Just this past August, there was a surge in the number of mothers coming to MN to deliver their babies. While there are always month to month fluctuations, and even seasonal highs and lows for new births, August was an unofficial record setter, with over 90 healthy babies brought into the world by our dedicated and hard working midwifery staff in that one month. It seems that the public hospital in the nearby town of Les Cayes had reinstated previously waived fees for deliveries, and MN's reputation for exceptional care and no fees, ever, drew a significant portion of their patients to our facility.
People often ask why we continue to offer free services, when it appears that at least some percentage of the population in our zone of service could afford to pay at least a minimal fee? The answer is twofold: there is no way to easily distinguish someone with a little extra money from someone who has none, and in many cases, the little bit they might pay for our services would be better spent on food, cooking fuel, a child's school tuition, or any number of other important expenses.
When you consider that our average cost for an uncomplicated delivery, US $115, is only one percent of the average cost of a hospital delivery in the USA, all of the babies born at MN in August were delivered for less than the cost of one in this country! This is not simply a reflection of the economic differences that exist between the USA and Haiti, but more importantly, the result of the efficiency, competence, and above all, dedication of our staff to our mission, to significantly reduce maternal and infant mortality rates in communities like the one that they live and work in.
Amidst the highest infant and maternal mortality rates in the western hemisphere, $115 is a small price to pay for the midwifery services to deliver a healthy baby to a healthy mother and potentially save a life!
Every day at Maison de Naissance (MN), our midwives deliver on average 2 - 3 babies.

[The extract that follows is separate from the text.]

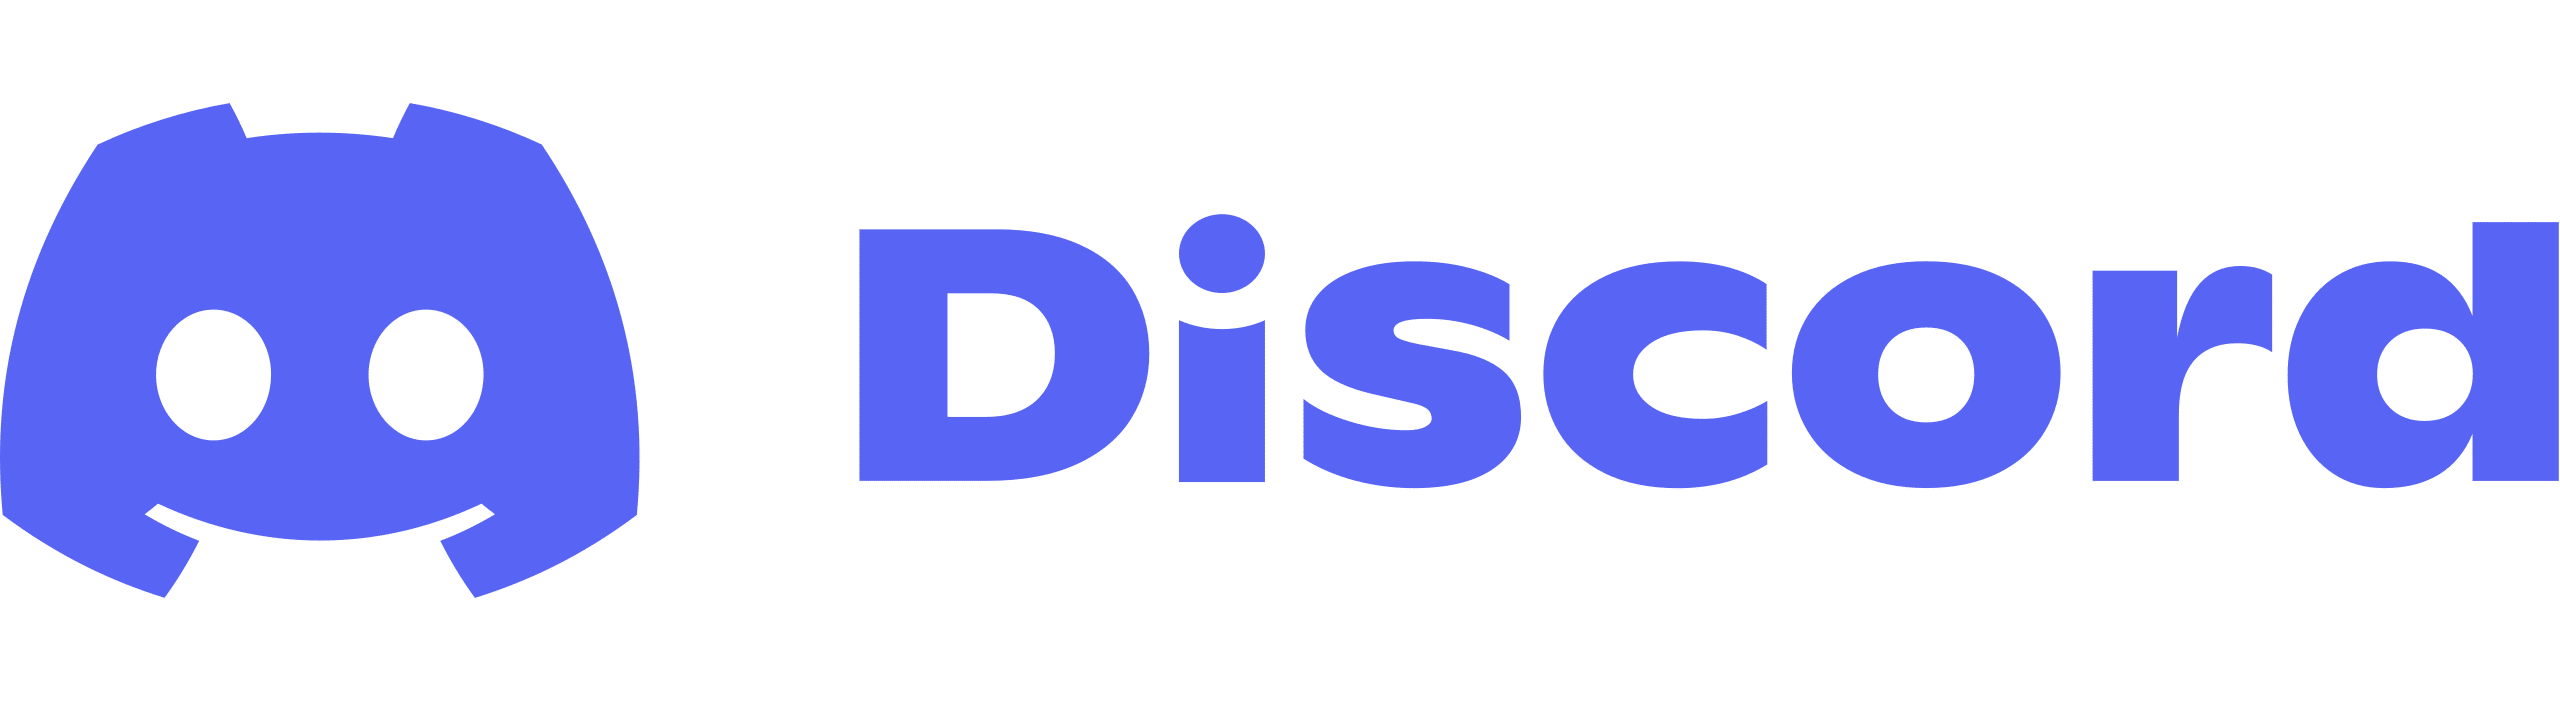 Logo de l'application discord.Image prise via Internet

Professionally attended births are significantly less likely to result in the death of the mother or baby, and so every healthy baby delivered to a healthy mother is a life saved.

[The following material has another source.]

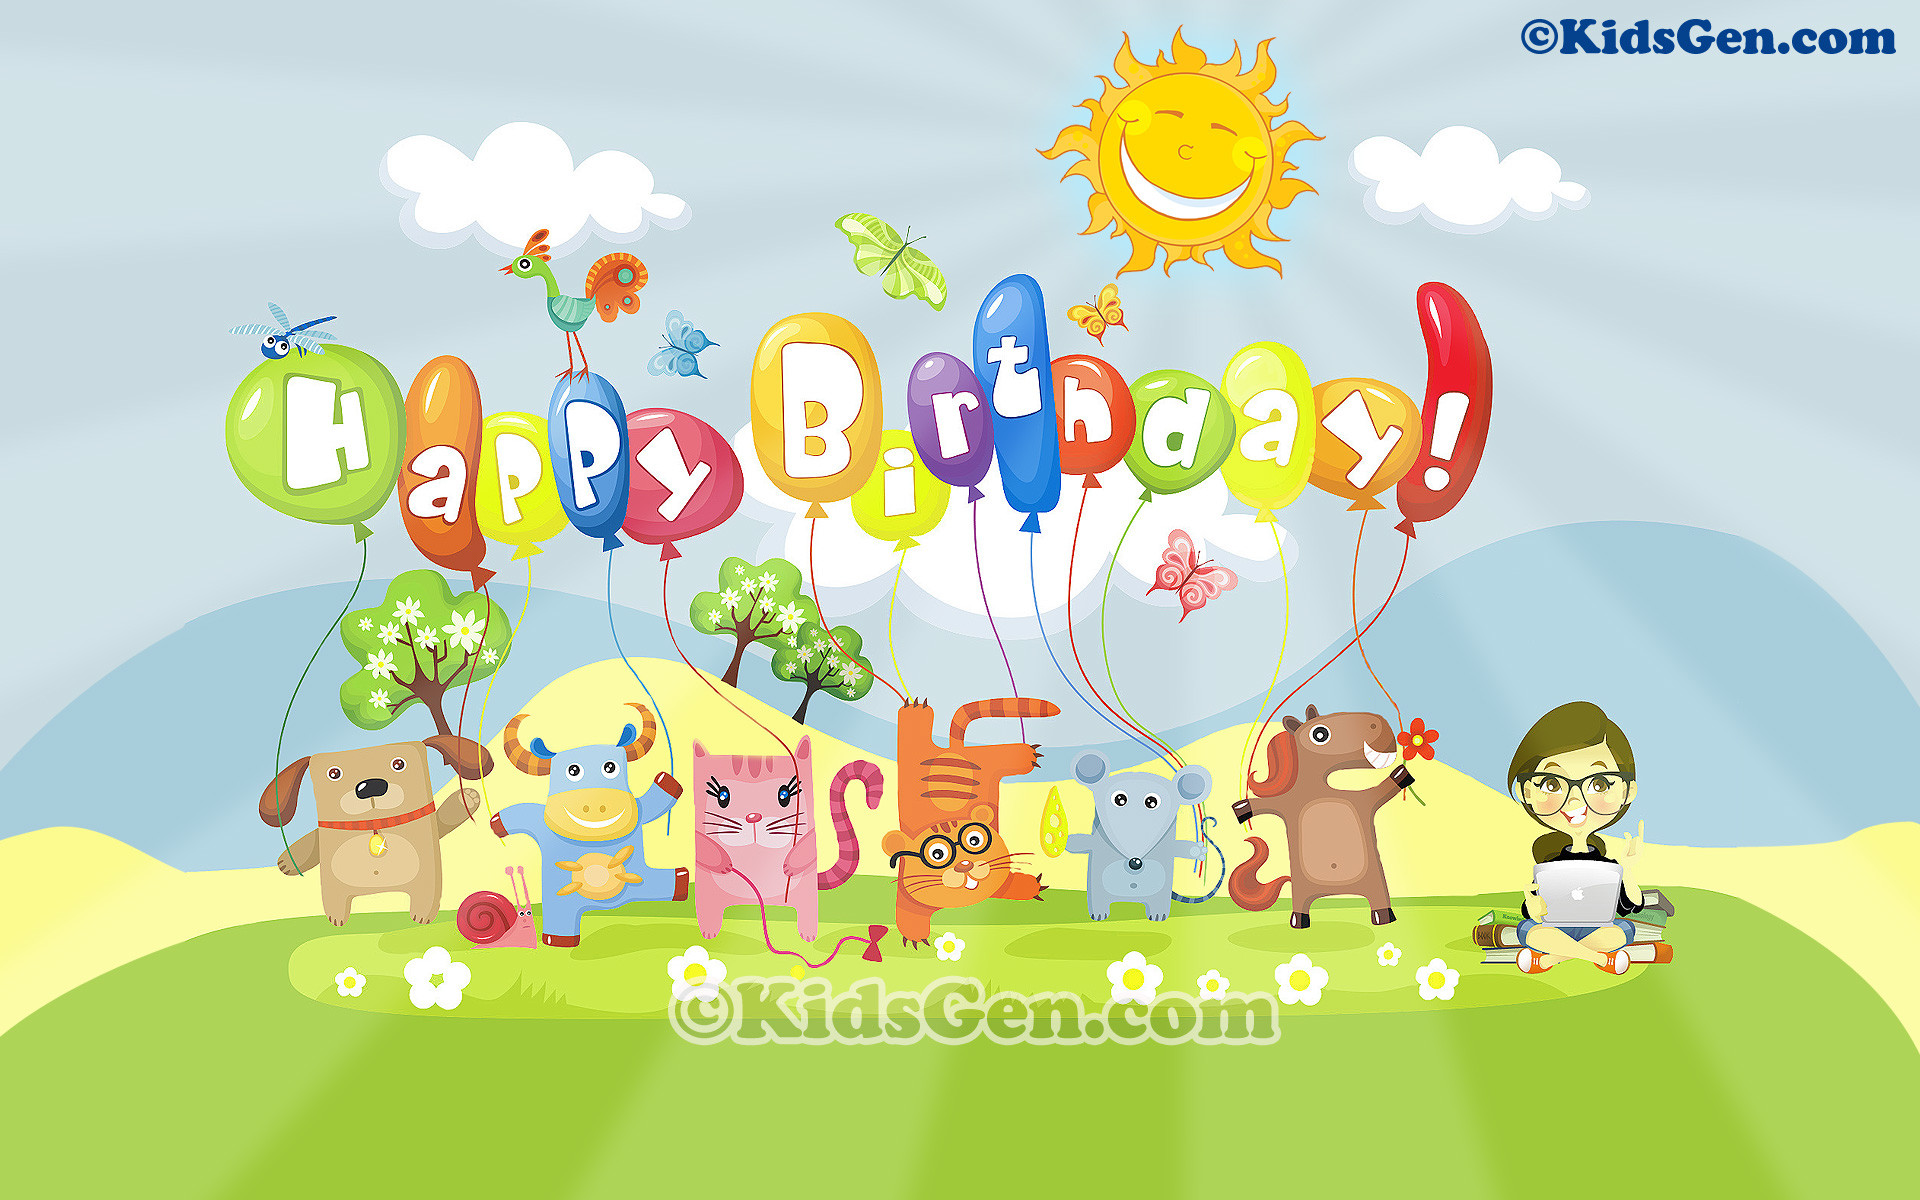 1920x1200 HD cartoon wallpaper featuring animals wishing Happy Birthday

Relatively simple complications in unattended births (eclampsia, hemorraging) can lead to the death of the mother, baby, or both, if the mother or others present do not recognize the signs or have no knowledge of basic treatment for the conditions. Even a healthy birth can end tragically if proper hygiene and/or sanitation are not understood or practiced during and after delivery.

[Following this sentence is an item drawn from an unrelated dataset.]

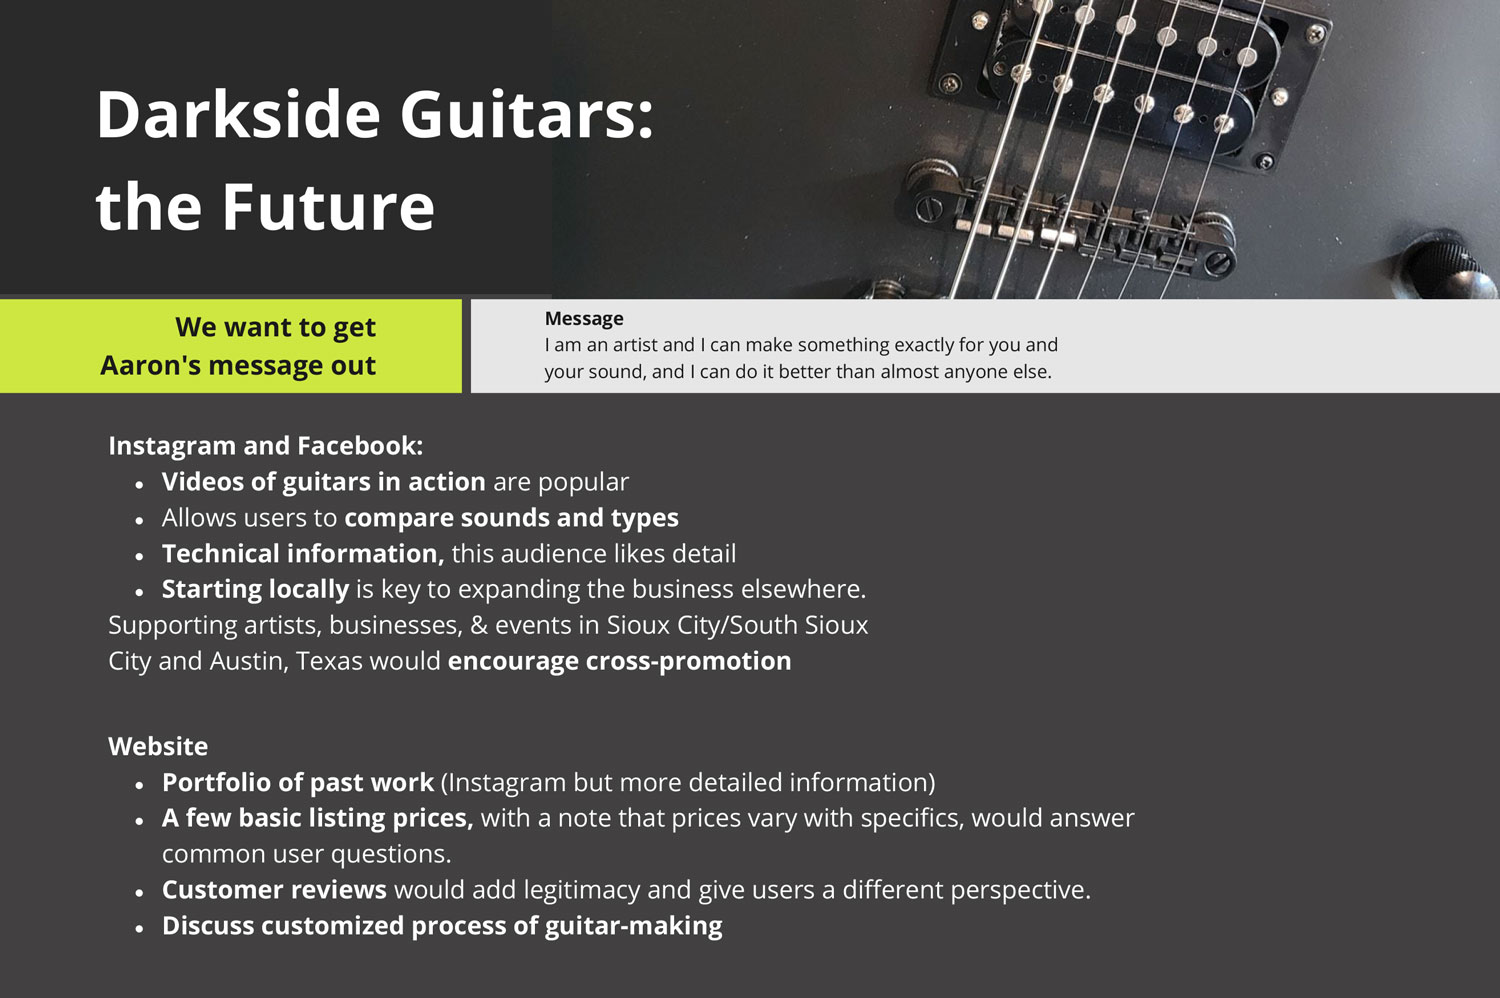 Future for Darkside Guitars: more videos, more details.

Our midwives are professionally trained and certified; they know how to treat most complications, and when to call for a hospital referal if surgical intervention is required. In eight years of operation and over 4300 deliveries, there has not been a single maternal mortality our birthing center. The lion's share of credit for this statistic goes to our dedicated midwifery staff.
Another amazing fact is that our midwives have always kept the center open, 24 hours per day, through hurricanes and floods, when the power and water were out, no matter the circumstances or difficulties. They have delivered babies by candlelight, flashlight, kerosene lamp, and under car headlights. They are truly unstoppable when it comes to delivering healthy babies to healthy mothers!